我趴在真央的屋顶上晒太阳,像一只慵懒的猫,打着呵欠,目光迷离。
这十几年,瀞灵廷真是太和平了。不和谐的乐曲,似乎早已停奏。只是,那一切都是表象罢了,潜藏于地底深处的,是不规则的涌动。
可我更愿意享受这样的平静。
什么都不发生的话,就好了呢。
“椎名校长,好久不见了。”当那个男人的脸再一次放大在面前,我忍不住叹息平静这种东西还真是易碎得可怜。
“您好。”我双手合放在身前,行了一个标准的礼,“请问有何指教,蓝染队长?”
蓝染露出一个他几百年来都保持得完美的经典笑容,“椎名校长,每次见到我都很冷淡呢,难道我做了什么令人讨厌的事吗?”
他的口气无辜中带着一丝忧郁,若是旁人听到,定也以为是我的错。
只是……这样的伪装,在我们彼此都心知肚明的情况下,还有必要吗?敢于直言问我讨要崩玉的他,根本就不需要这样恰如春风的面具。
“蓝染队长,拐弯抹角这样的戏码并不适合我们。”
他收起笑容,“这样说的话,真是太伤感情了,作为同伴的话。”
“我并不是你的同伴。”
“我说过你会是。”
嘴角,浮上一抹嘲讽的笑。
自信是好事,但盲目的自信只会变成愚蠢的自大。
好吧,或许你并不是盲目的,但你所能分析的,只是椎名十七夜的资料。你认为能够掌控的,也只是椎名十七夜这个平凡的死神罢了。
“蓝染队长,你以为,你了解我多少?”
蓝染的心中一紧。
这一刻,面前的女子不再是他印象中的模样。
他知道的她,谦恭、严谨、稳重、却善于伪装,表面上,是一个本分规矩的死神,实则隐藏着数不不清的秘密。这样的她,一直内敛而冷漠。但此刻的她,眉宇间带着玩味与傲慢,与过去判若两人。
她的笑,如泉水流淌,清冽却甘甜。
温柔且冷傲,原来这才是卸下所有保护色之后的她。
“蓝染队长?”我有些好笑地看着他,原来这个目空一切的男人也会失神,看来我给他的惊吓还真是不小。
但那也只有一瞬,君临天下的他随时随地都能将自己的心思藏在最深处,然后留给世人一抹捉摸不透的笑,“椎名桑,一定要这么说吗?”
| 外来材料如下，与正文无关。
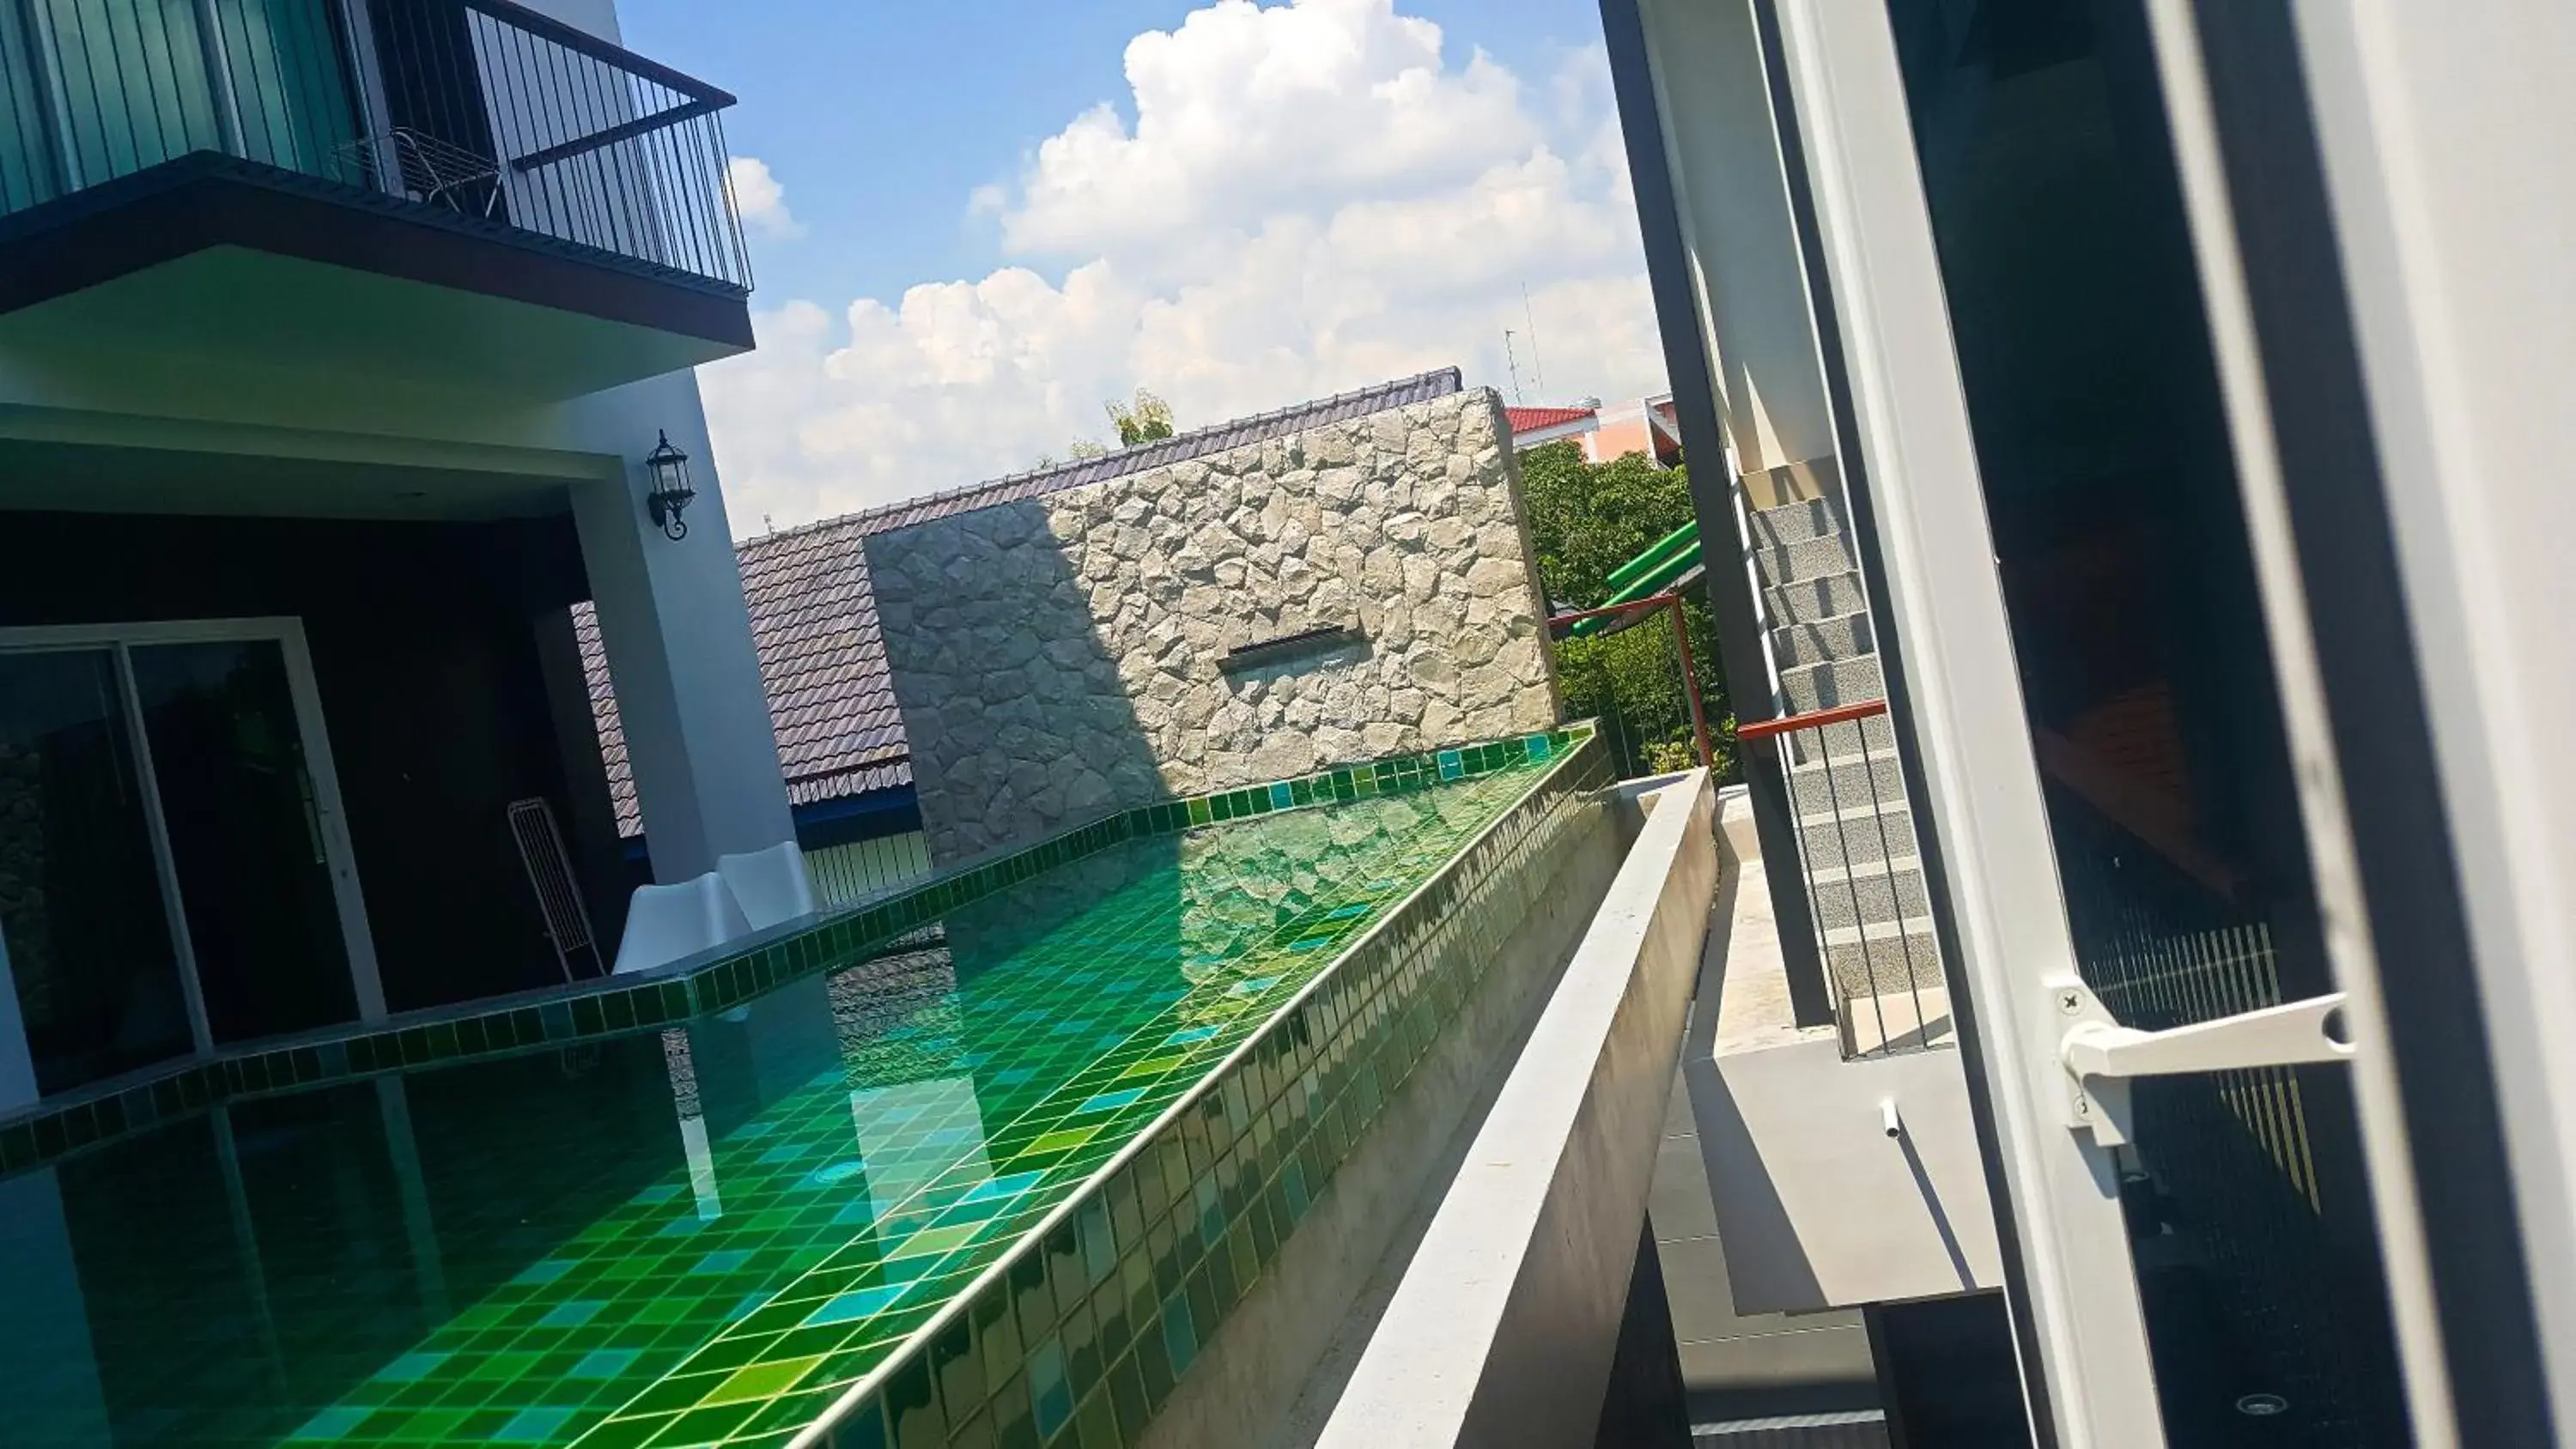 Pool View in Ricco Suvarnabhumi

他的瞳孔,有着琥珀色的光泽,没有笑的时候其中波光流转,让人有一种错觉,那里面流淌的莫不是凄寒的水银,如此冷酷却美丽的颜色。
“椎名,很喜欢瀞灵廷吗?”他问。面色如常,却怀揣着深如潭底的心思。
“不算是。”我笑答。蓝染想要说服我,他当然有权利这么做,只是成功的可能为百分之零。
他托着下颚,镜片顺着日光散射出一轮乳白色的光晕。
“那么,为什么要维护它呢?”
维护?这是一种奇怪的说法。我现在是死神,站在瀞灵廷一边难道不是再正常不过的么?更何况,我从来没有维护它的意思,只是两不相帮罢了。
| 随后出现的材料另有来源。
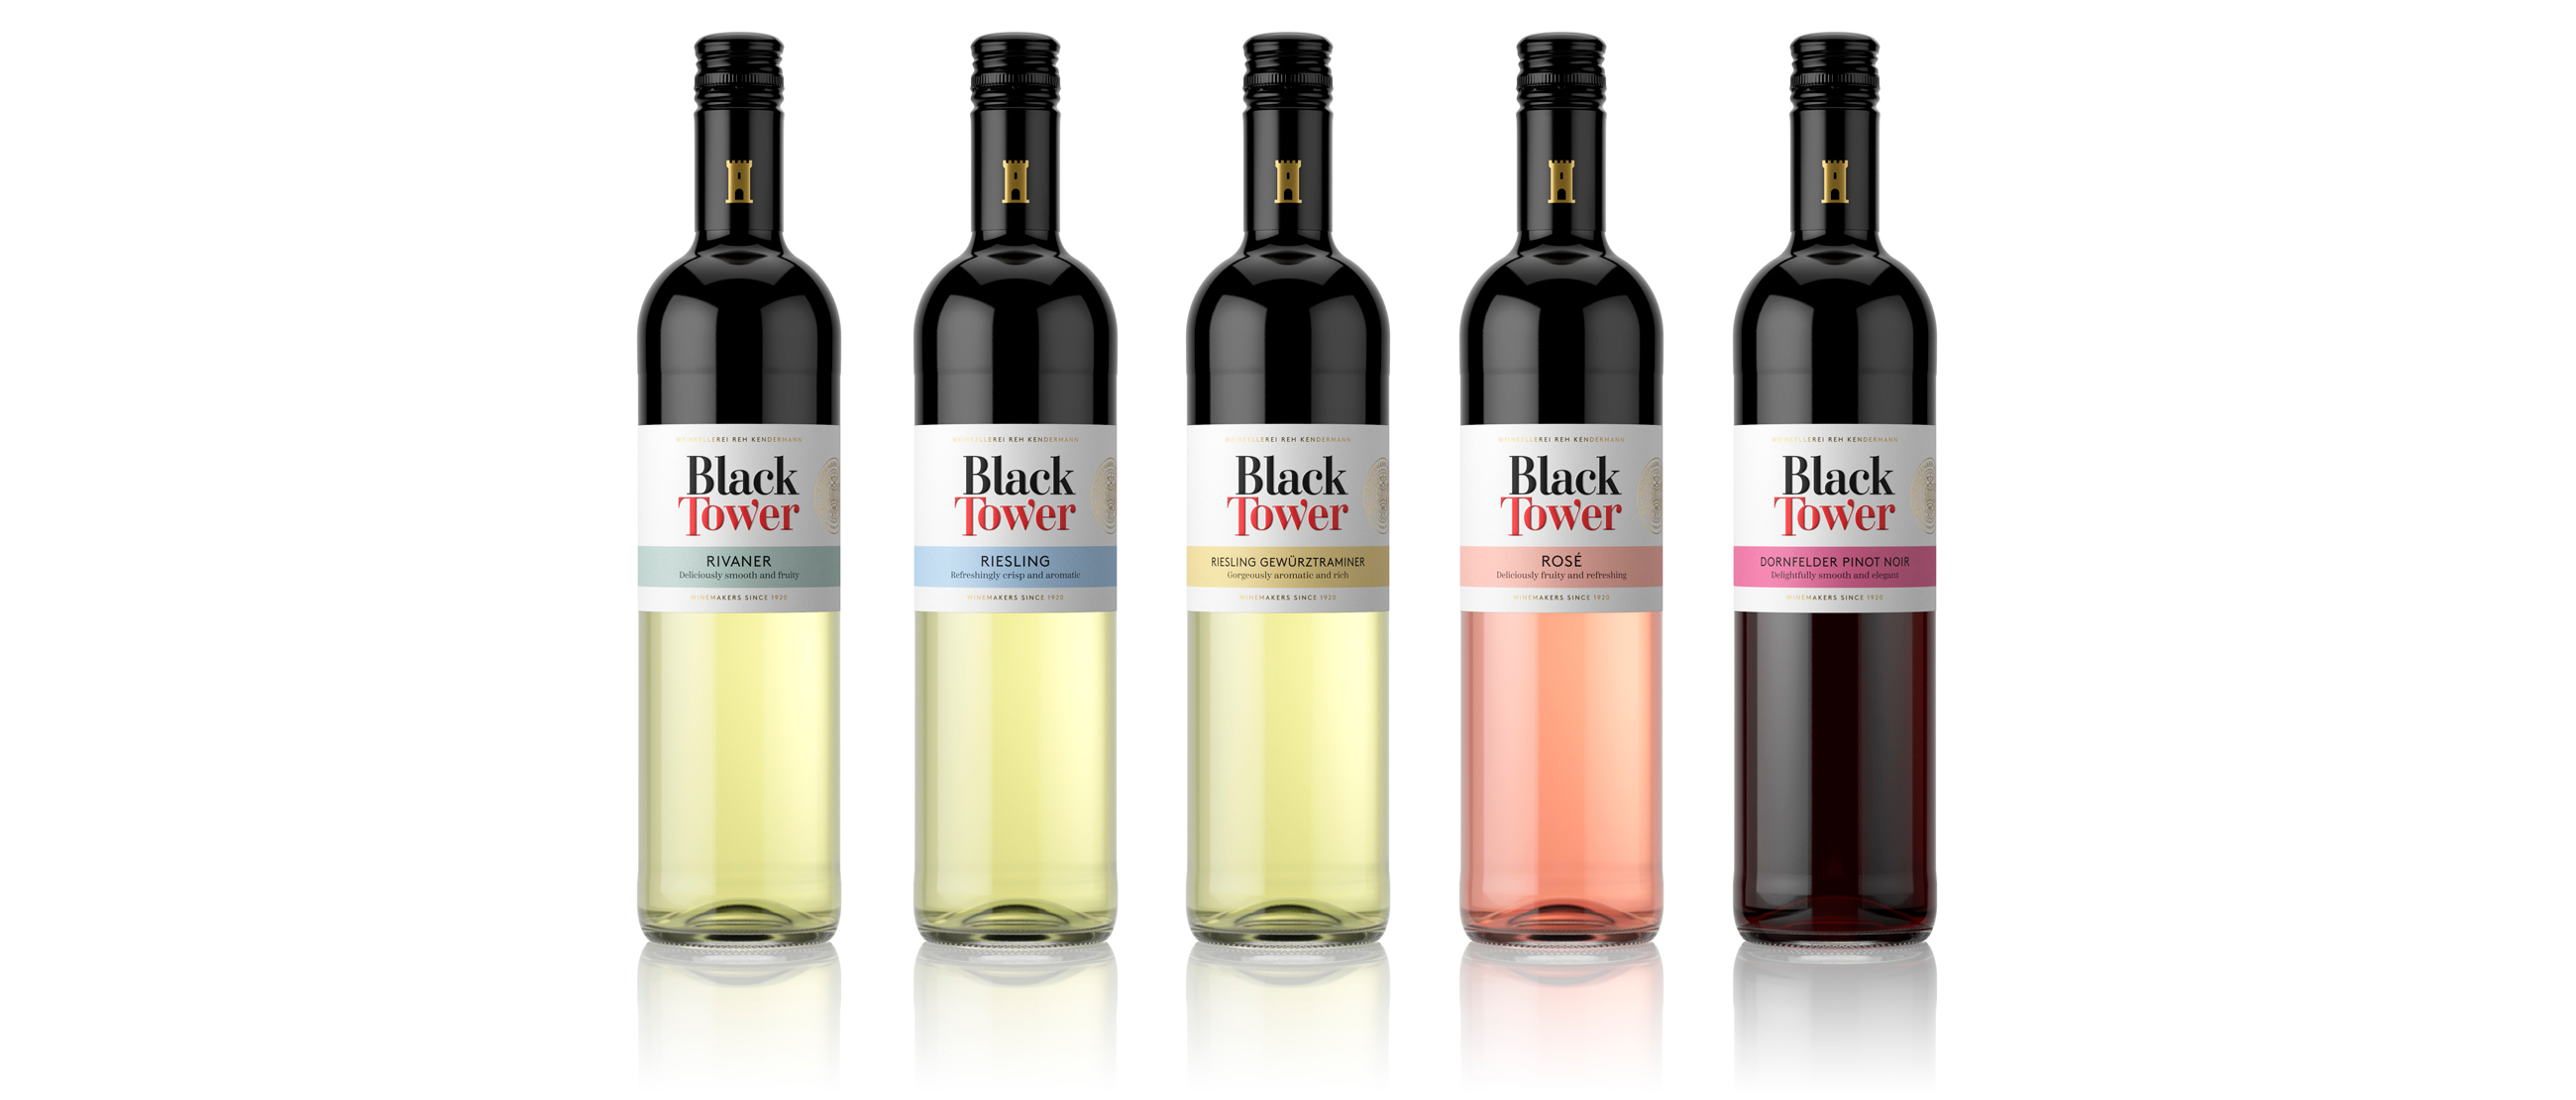 Black Tower redesign pakningsdesign vist på vinflasker packaging design product series of wine bottles

蓝染见我不说话,更进了一步,“这里,没有你在乎的人吧。”
啪——
石子落在水中,激荡起一片涟漪。
蓝染,果然是攻心的高手。
我们之间的距离如此之近,以致于他的话在瞬间劈开了我心中的裂缝,然后——长驱直入。
蓝染,恭喜你,的确找到了破绽。
但可惜,我还没有如此脆弱。
你低估了我,也高估了自己的计算。
在你的棋盘上,每一颗棋子都走着由你计划好的轨迹,前进、后退,全都身不由己。他们以为那是自己的意识,却不知,全凭他人操控。
这一局是你赢了,你以整个瀞灵廷为对手,赢得精彩漂亮。
早在主人说放任你肆意妄为的时候我就知道,之后的一切事,都是你所铺设的红毯,一路上,只有你走得意气风发。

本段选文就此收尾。